Был октябрь 1545 года. В те дни Иван повелел наказать ряд самых видных князей и бояр: одних заключить в темницу, других сослать, третьим отрезать язык. Среди них был и первый его советник Федор Воронцов. Сладкое тайное удовольствие находил молодой князь в этих приказах. Он любил видеть, как дрожат перед ним прежде всесильные бояре, которые — он знал это с малых лет, убеждался в том и теперь — расхищали великокняжескую казну, бесчинствовали, да и ему самому наносили немало оскорблений и обид. И, возмужав, он с наслаждением обрушивался на них. И чем сильнее обрушивался, тем уверенней себя чувствовал. Да и сами бояре, опустошая казну, беспрерывно враждовали между собой. Пытались оклеветать перед Иваном своих врагов. А он охотно выслушивал всех. Князья, бояре, известные воеводы попадали из дворца в темницу, а из темницы во дворец.
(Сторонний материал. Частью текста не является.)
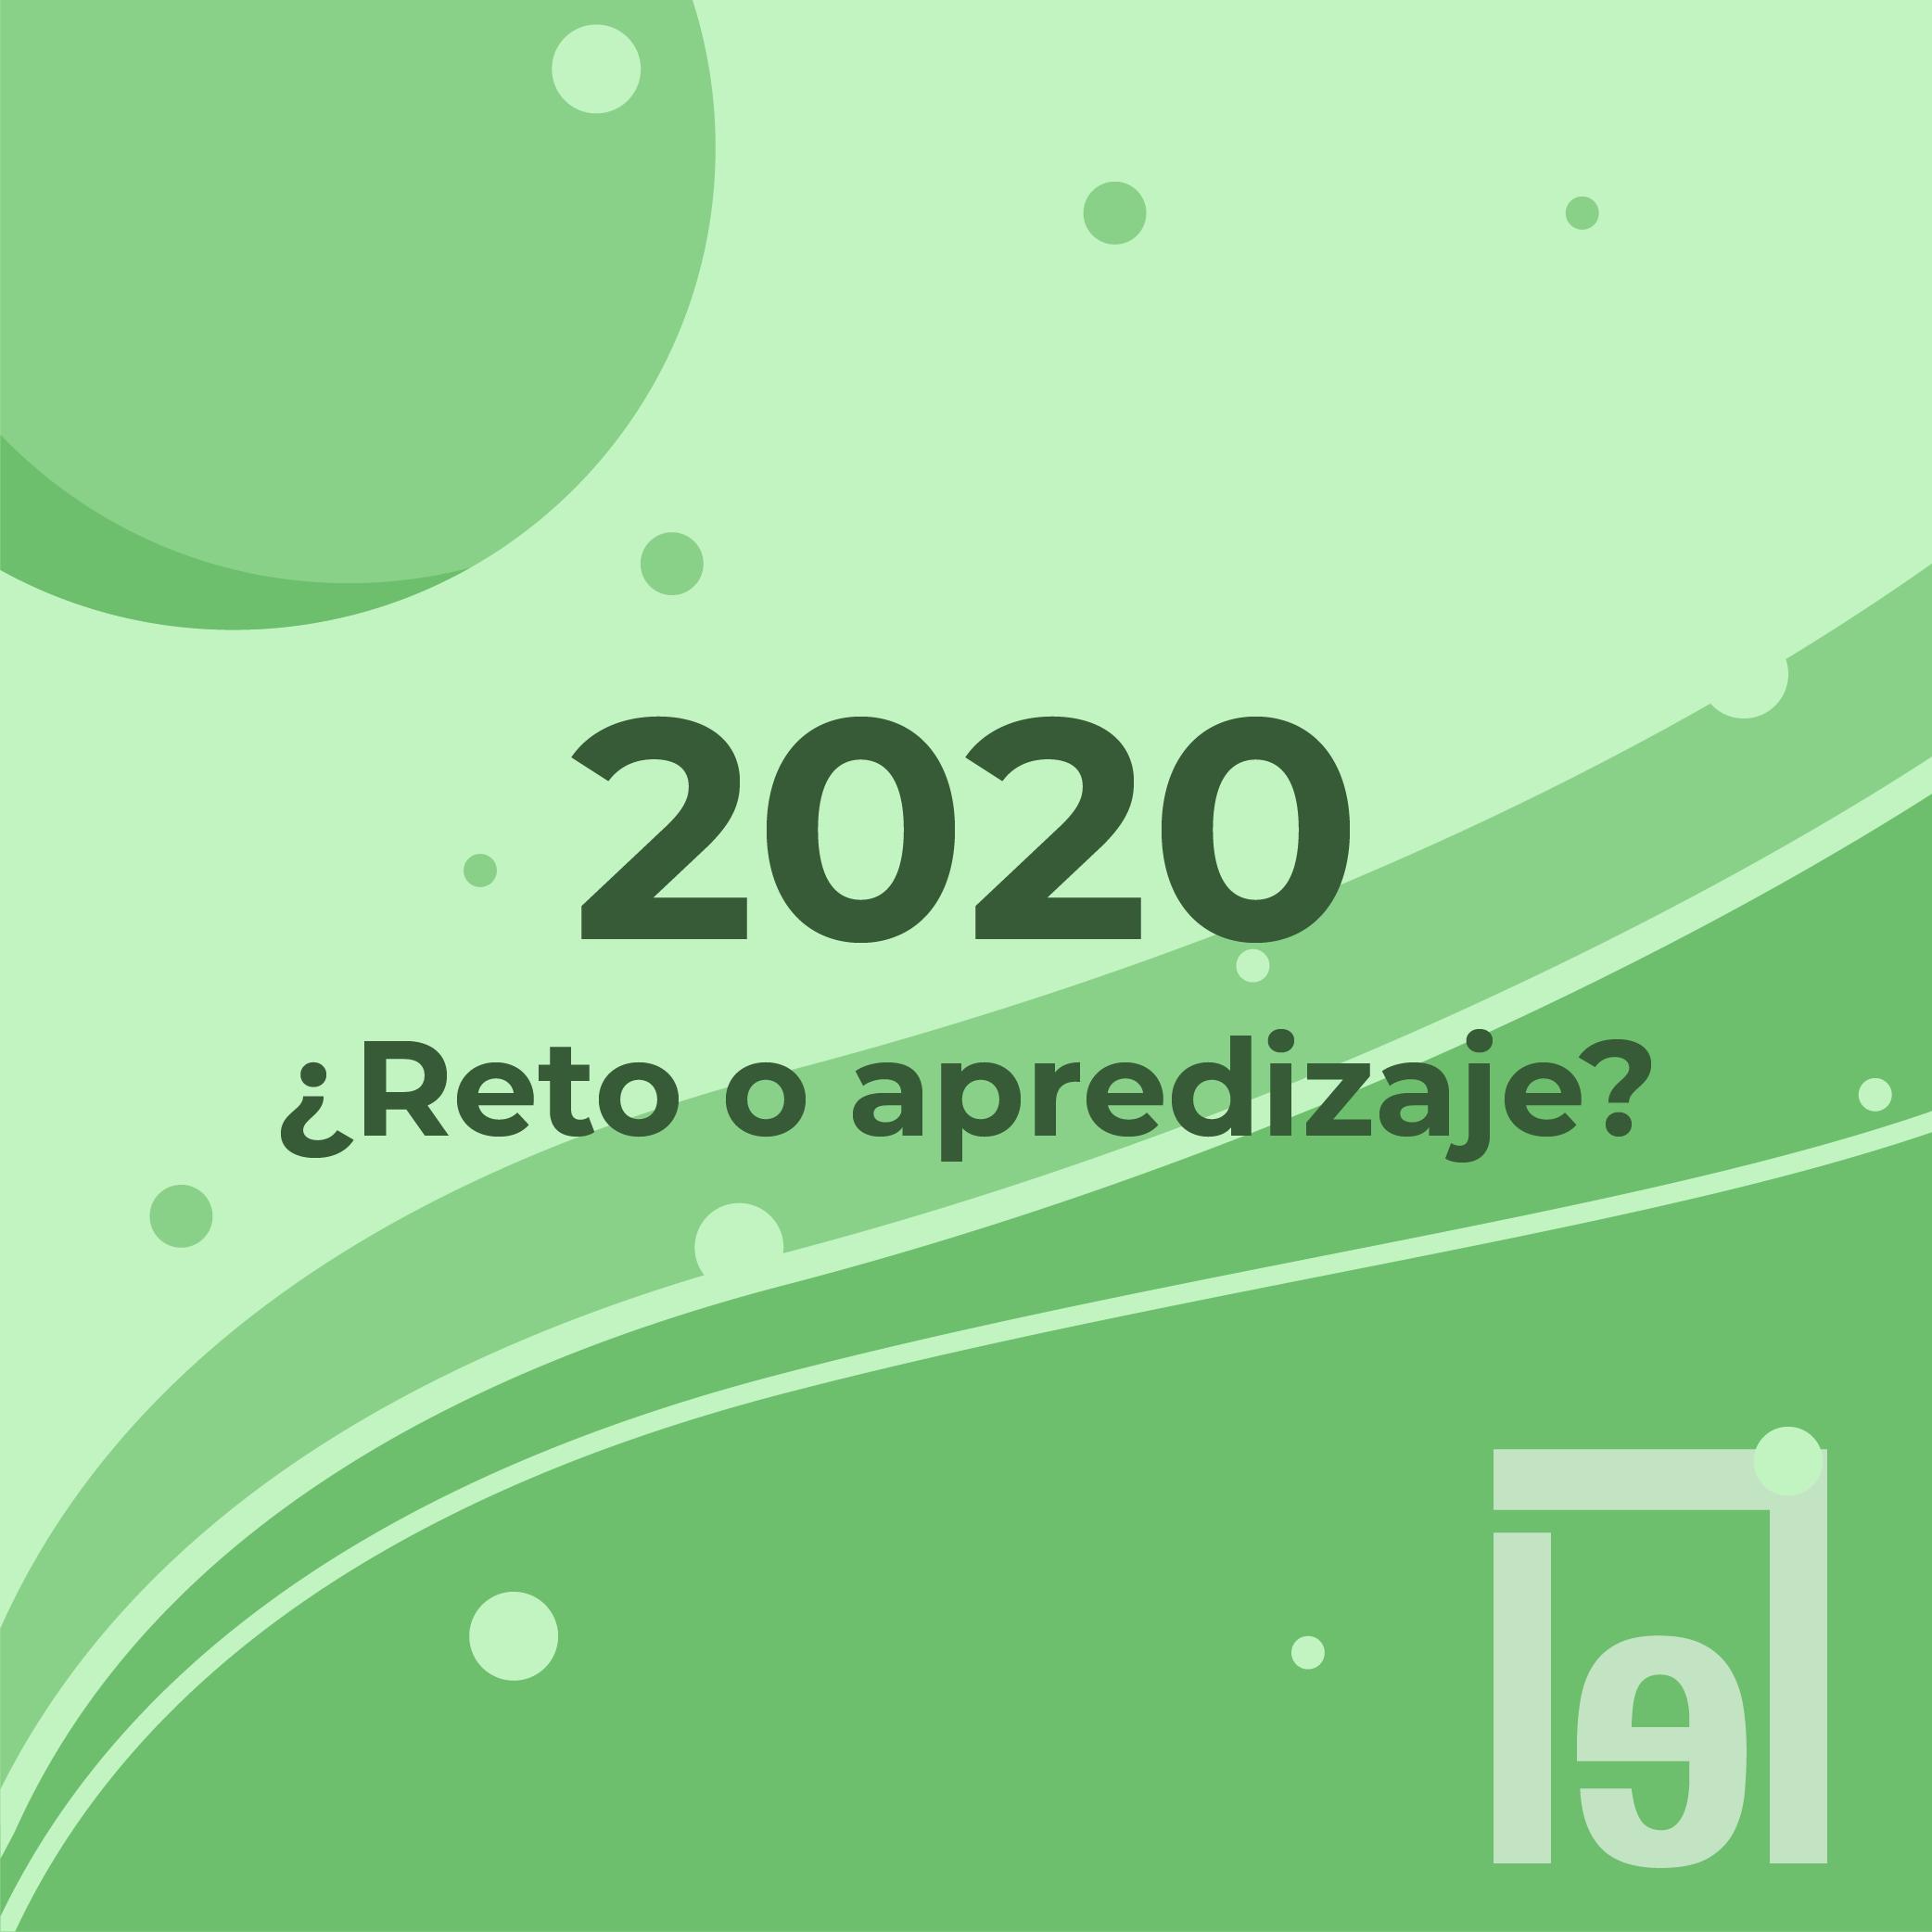 2020 ¿Reto o aprendizaje?

В один из тех дней, вернувшись со своими дружками из Калуги, куда Иван ездил, чтобы спалить вотчину одного боярина, во время застольного веселья он приказал Адашеву прочесть грамоту александрийского патриарха. А потом послал за своими дядьями, Юрием и Михаилом Глинскими, и митрополитом Макарием. И Адашев при них еще раз звучно прочел патриаршую грамоту. Затем Иван попросил дядьев срочно доставить к нему из тюрьмы греческого монаха. Он желал уважить патриарха, отправить Максима на Афон. Князья Глинские молча взглянули на митрополита. А по глазам Макария Иван понял, что просьба его невыполнима. Митрополит смотрел на него с удивлением и страхом, но не так, как бояре, дохлые псы, когда слышали, что молодой государь приказывает заключить их в темницу, бросить на съедение диким зверям или отрезать им язык. Нет, тут было нечто другое, — так понял Иван по испуганному взгляду митрополита. История греческого монаха была не из обычных.
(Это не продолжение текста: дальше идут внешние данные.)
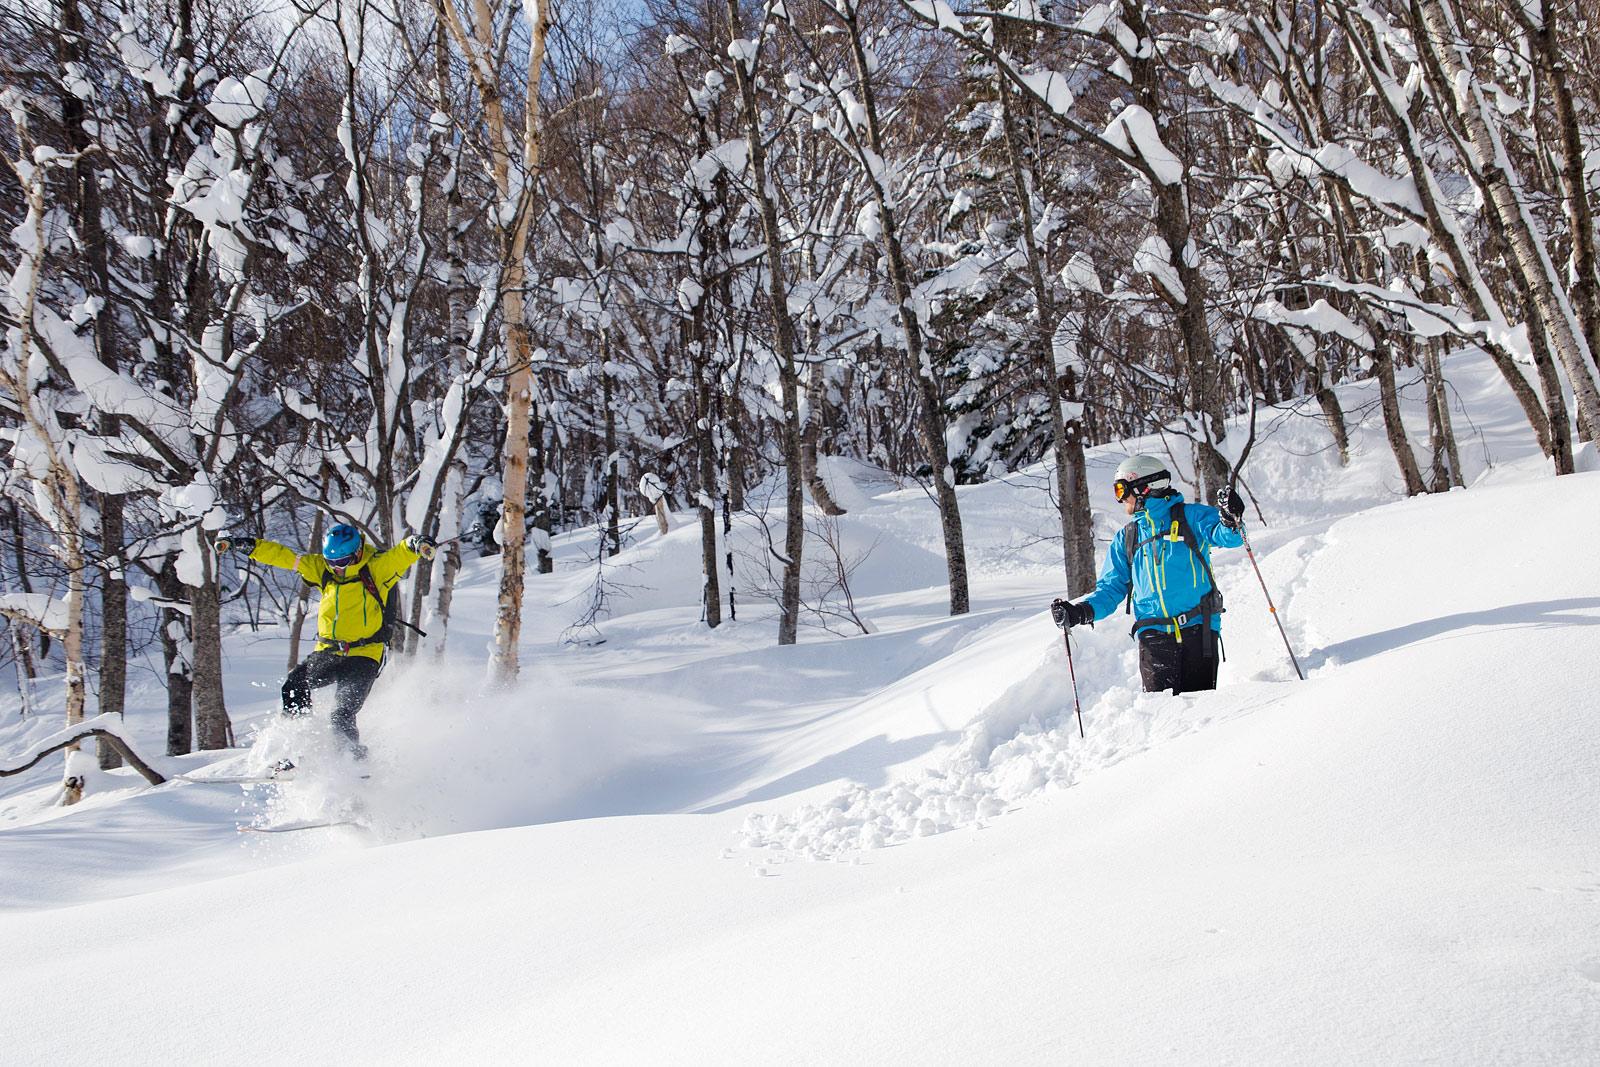 Parhaat vaellusreitit Suomessa - tunnetko nämä klassikot  - Lumipallo 3e0261a3a2

— Мы, великий князь, не намерены припоминать прошлое и копаться в нем, — сладким голосом заговорил Макарий. — Но знай, что случилось, то случилось не по людской, а по божьей воле. Матушка твоя великая княгиня Елена и отец твой великий князь Василий спят ныне сном праведников. Не нарушай их покой. Господь за содеянное ими добро упокоил их души и дал тебе жизнь, чтобы ты правил государством. И ты шагай вперед, назад не возвращайся. Почтеннейший патриарх требует невозможного. И мне не раз писал Максим. Я же ответил ему: «Узы твоя целуем, яко единаго от святых, пособити же тебе не можем».
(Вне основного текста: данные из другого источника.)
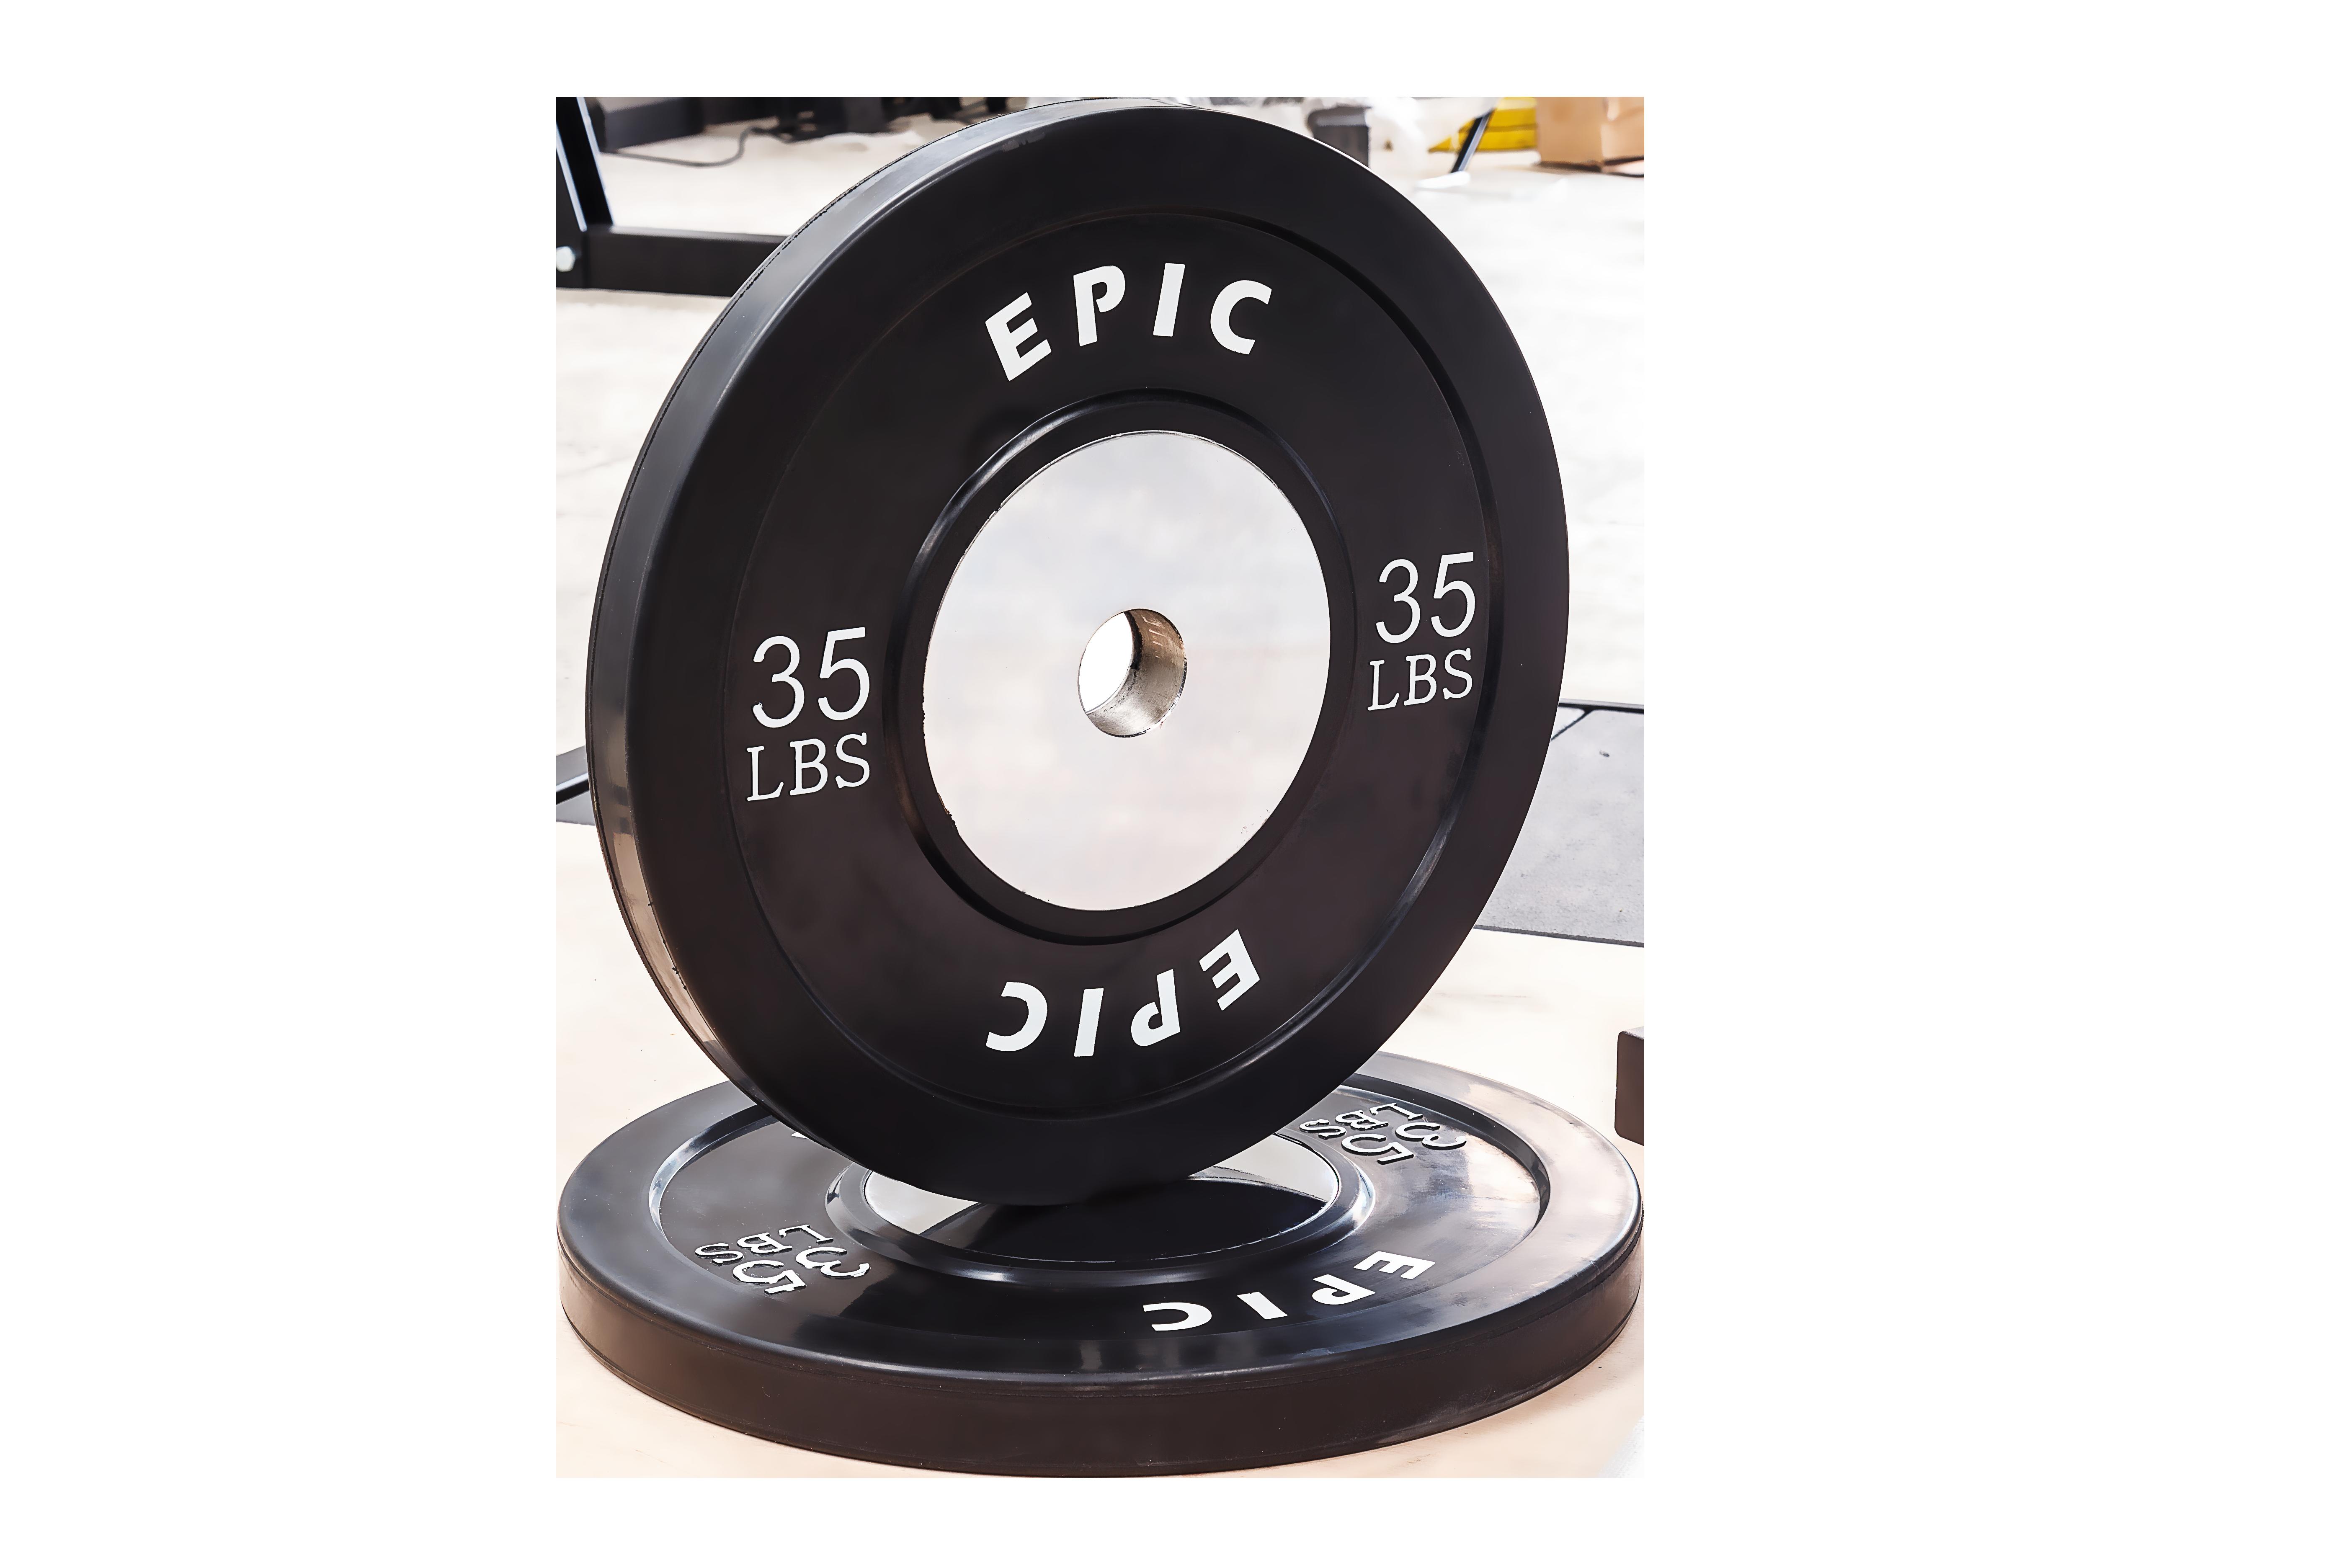 disco olímpico 45lbs, disco para crossfit de 45 lbs

Один митрополит Макарий с лаской и сочувствием относился к Ивану в горькие годы его детства. Он был для юного князя подлинным духовным отцом, мудрым и рассудительным. Из происходившего в государстве и при дворе Макарий замечал лишь то, что могли, ничем не рискуя, следуя его разумным советам, исправить слабые люди. И к Ивану он не предъявлял никаких требований. Ни на чем не настаивал, не повышал голоса. Лишь просил его кротко и проникновенно. Иван ценил в митрополите его мягкость, отзывчивость. Дивился его мудрости и красноречию.
И в тот день четырнадцатилетний князь не мог скрыть своего восхищения перед Макарием, который разумно и выразительно ответил греческому монаху: «Узы твоя целуем, яко единаго от святых, пособити же тебе не можем». Из того, о чем он говорил тогда с дядьями и митрополитом, в памяти Ивана осталось только прекрасное послание Макария. И он подумал, не ответить ли ему самому так же красиво патриарху Иоакиму. Но помешали разные дела. После горячих просьб митрополита он освободил из тюрьмы тех, кого заточил в октябре. А вскоре до него дошли страшные вести о злоупотреблениях, произволе и неповиновении. И он опять распорядился, чтобы виновных схватили, отдали в руки дворцовых палачей, бросили на растерзание диким зверям. И среди новых забот забыл ответить патриарху Иоакиму. Все реже и реже читал Адашев его послание. После разговора с Макарием святогорский монах для Ивана отошел в область преданий.